Ik kan geheel met den heer Mansholt instemmen, dat de in de afdeelingsvergadering der Staten gebruikte qualificatie. dat n.m.l. „Electra” eene mislukking zou zijn, schromelijk overdreven en grootendeels onjuist moet worden geacht.
Ik kan er echter ook inkomen, dat zij, die in de verwachting leefden, dat de aangebrachte bemaling het universeel middel tegen hooge waterstanden in het bemalingsgebied zou zijn, zich door den loop van de zaken, soms voor en na eenigszins teleurgesteld gevoelen, want hun is en wordt uit den treure geleerd, dat voor onze boezemwaterschappen maar één middel bestaat, om aan hooge peilstanden te ontkomen en deze te voorkomen en dat dit middel is: bemaling.

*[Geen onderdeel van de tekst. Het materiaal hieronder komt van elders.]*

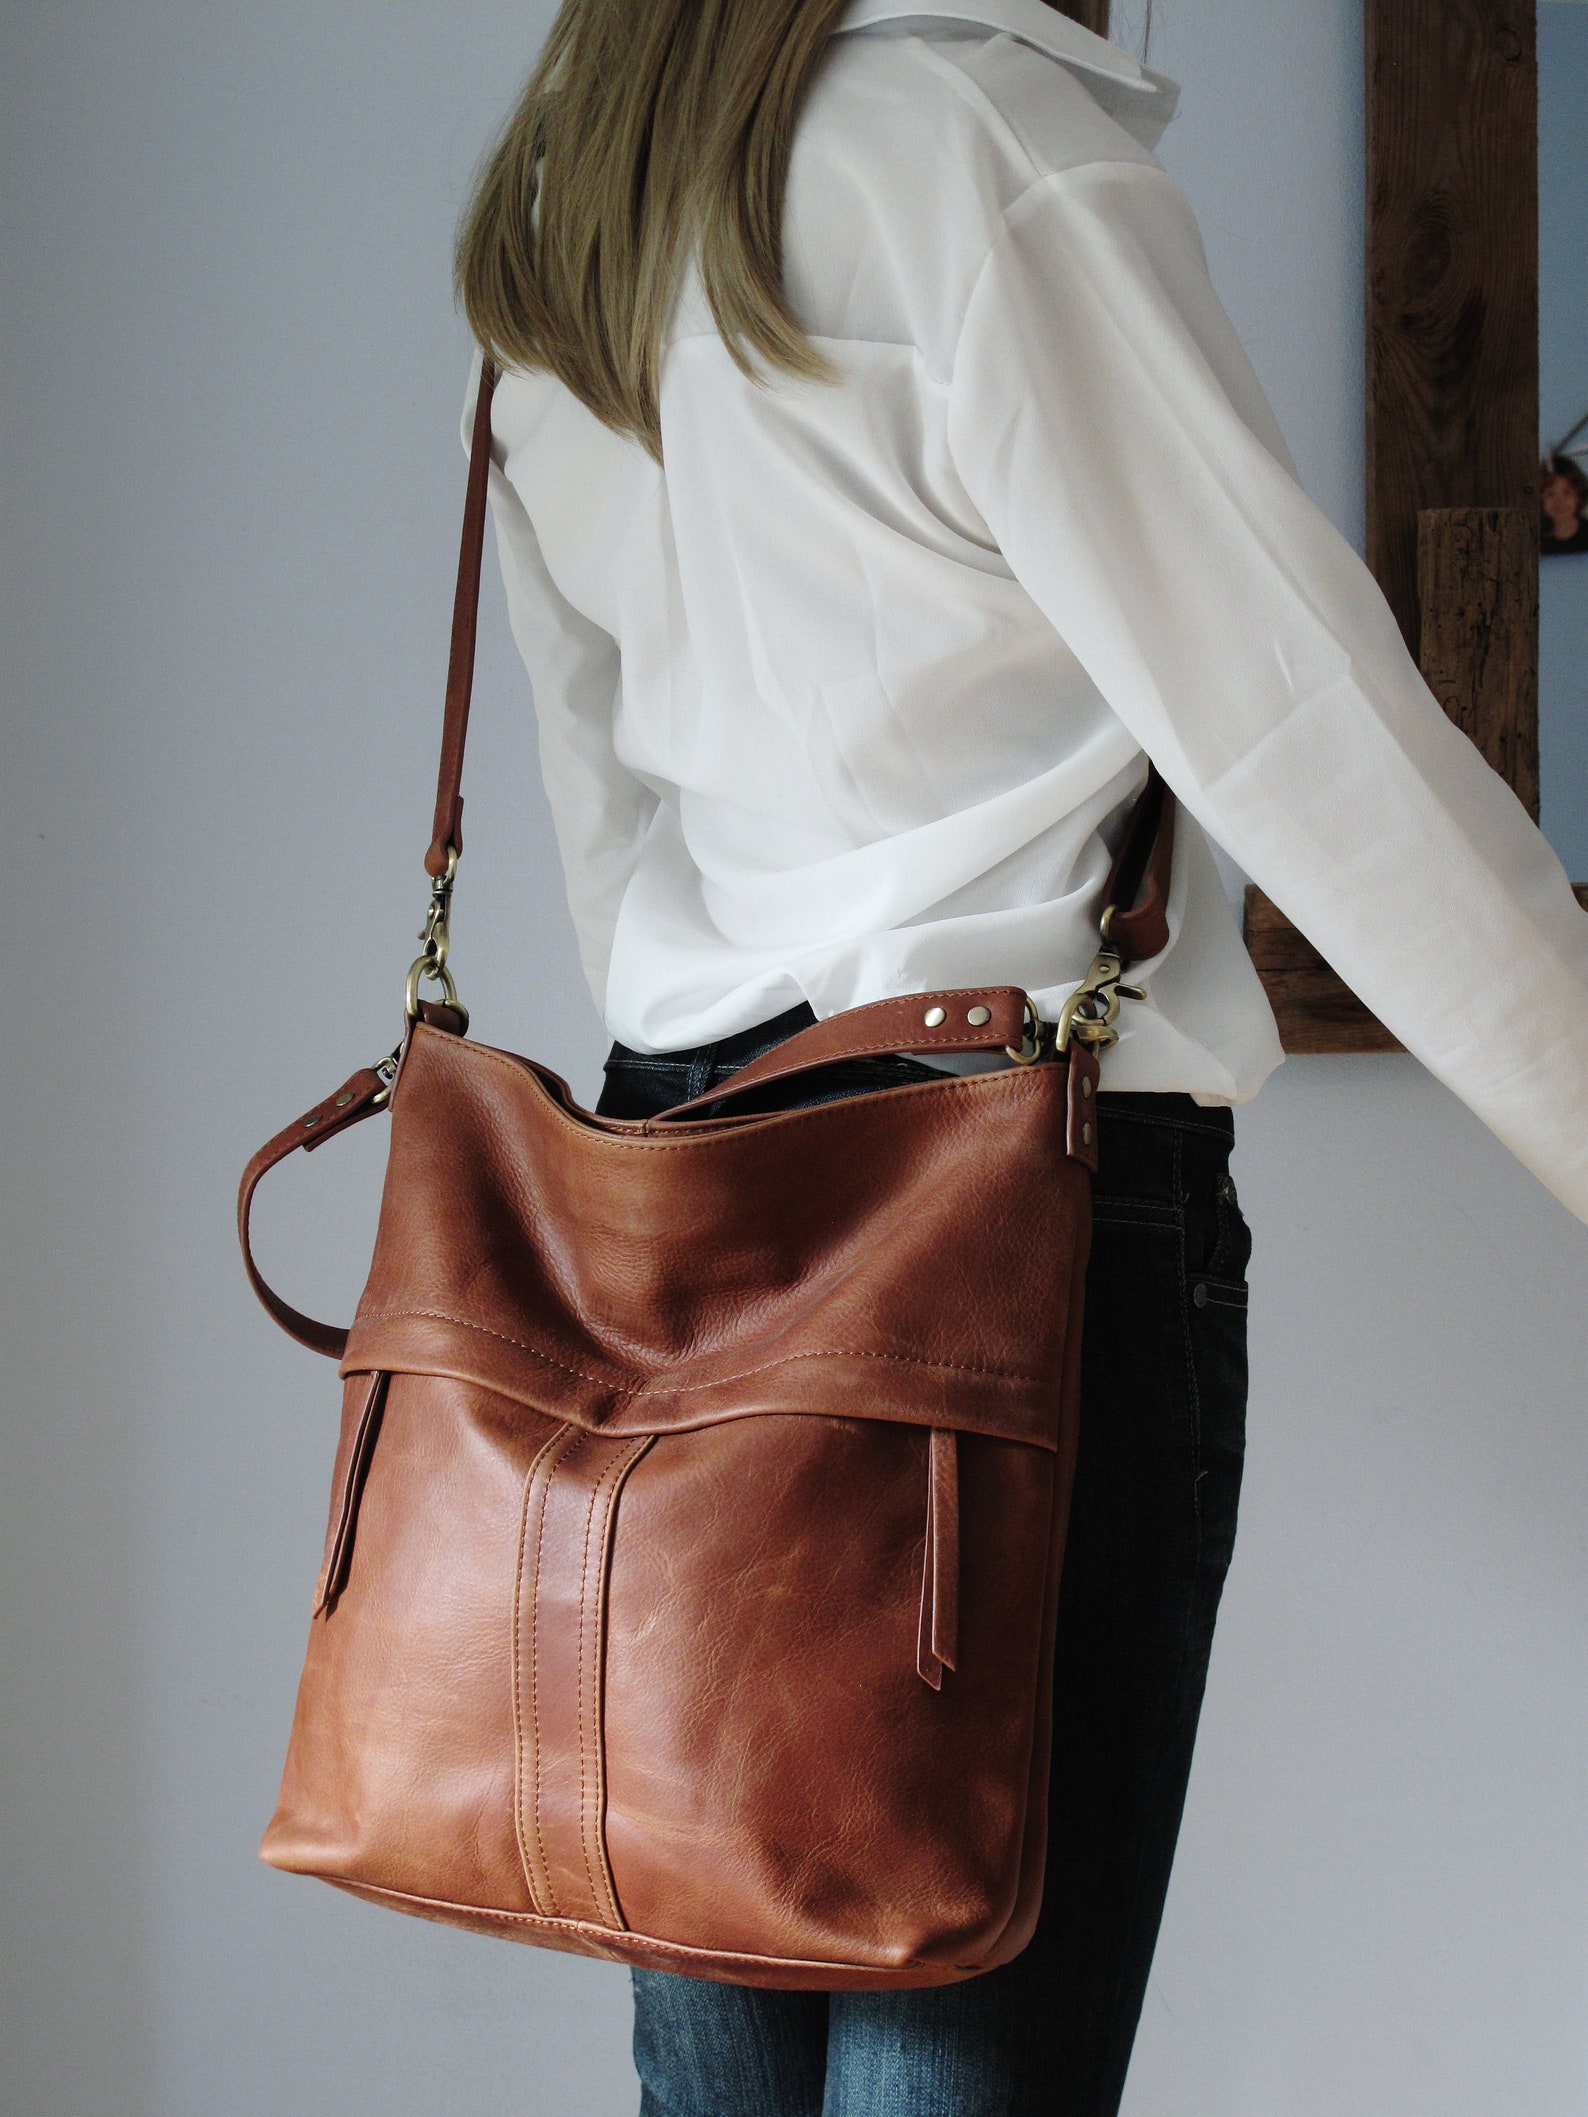 Tan Leather Shoulder Bag Crossbody Purse Tan Handbag - Etsy
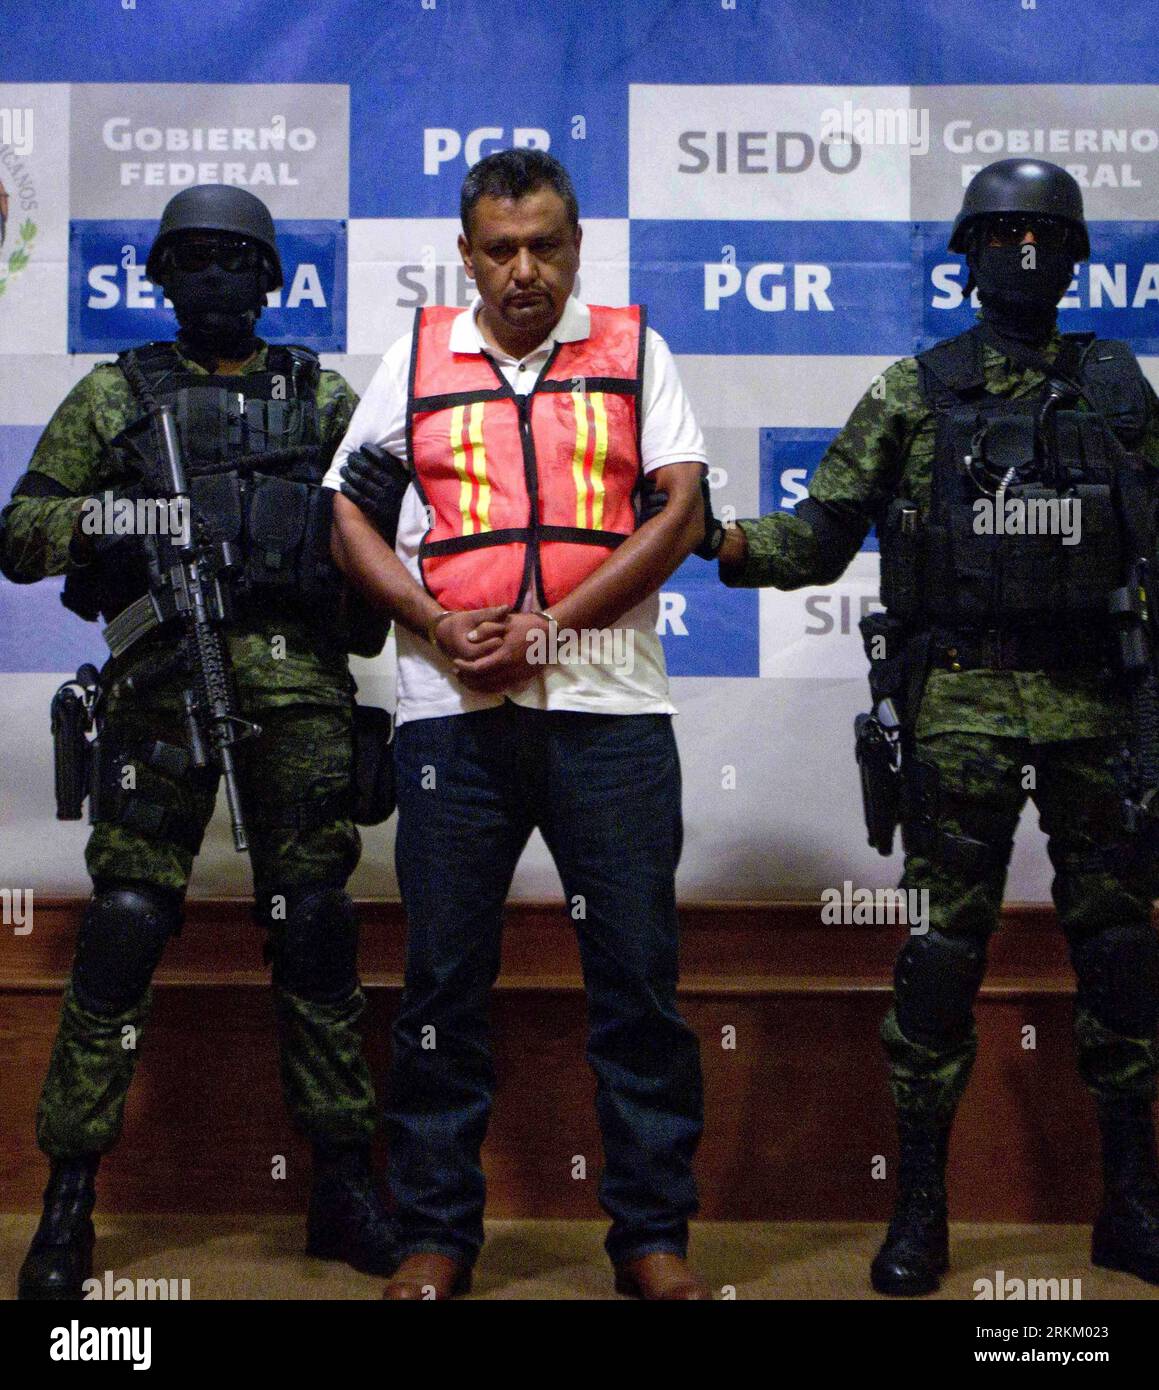 Bildnummer: 56292248  Datum: 17.11.2011  Copyright: imago/Xinhua (111118) -- MEXICO CITY, Nov. 18, 2011 (Xinhua) -- Alfredo Aleman Narvaez (C), known as El Comandante Aleman and alleged leader of the criminal organization Los Zetas and head of criminal activities in the state of San Luis Potosi, is presented to the media in Mexico City, Mexico, Nov. 17, 2011. (Xinhua/Claudio Cruz) (ctt) MEXICO-MEXICO CITY-SECURITY-DRUGS PUBLICATIONxNOTxINxCHN People Kriminalität Verhaftung Mexiko x0x xtm 2011 quadrat premiumd      56292248 Date 17 11 2011 Copyright Imago XINHUA  Mexico City Nov 18 2011 XINHUA Stock Photo

Ik vermoed, dat de teleurstelling van hen, die in juist genoemde leer gelooven, zeer groot zal zijn, nu door den heer Mansholt in zijn betoog o.a. is medegedeeld, dat, indien het gemaal te Lammerburen de in het laatst van November j.l. opgekomen hooge peilstanden op den boezem (het gevolg van grooten regenval en ebstanden, die bemaling zonder resultaat lieten) had moeten voorkomen, niet 4 maar 15 pompen in het werk zouden moeten zijn gesteld.
Hieruit moge blijken, dat het eenvoudig onmogelijk is, tenzij met totale verwaarloozing van het bedrag der aan te wenden kosten, om den boezem van „Electra” onder alle weersomstandigheden en den invloed daarvan op de hoogte der ebstanden, te beheerschen.
Maar daarmede is dan ook de leer, dat bemaling voor andere waterschappen afdoend zou zijn, om hooge peilstanden te voorkomen, vrij ernstig in waarde gezakt, al weet ik vooraf, dat zij ten spijt van alles met dezelfde gemakkelijkheid en in vele gevallen met aan den dag legging van groote onkunde verder zal worden gepropageerd.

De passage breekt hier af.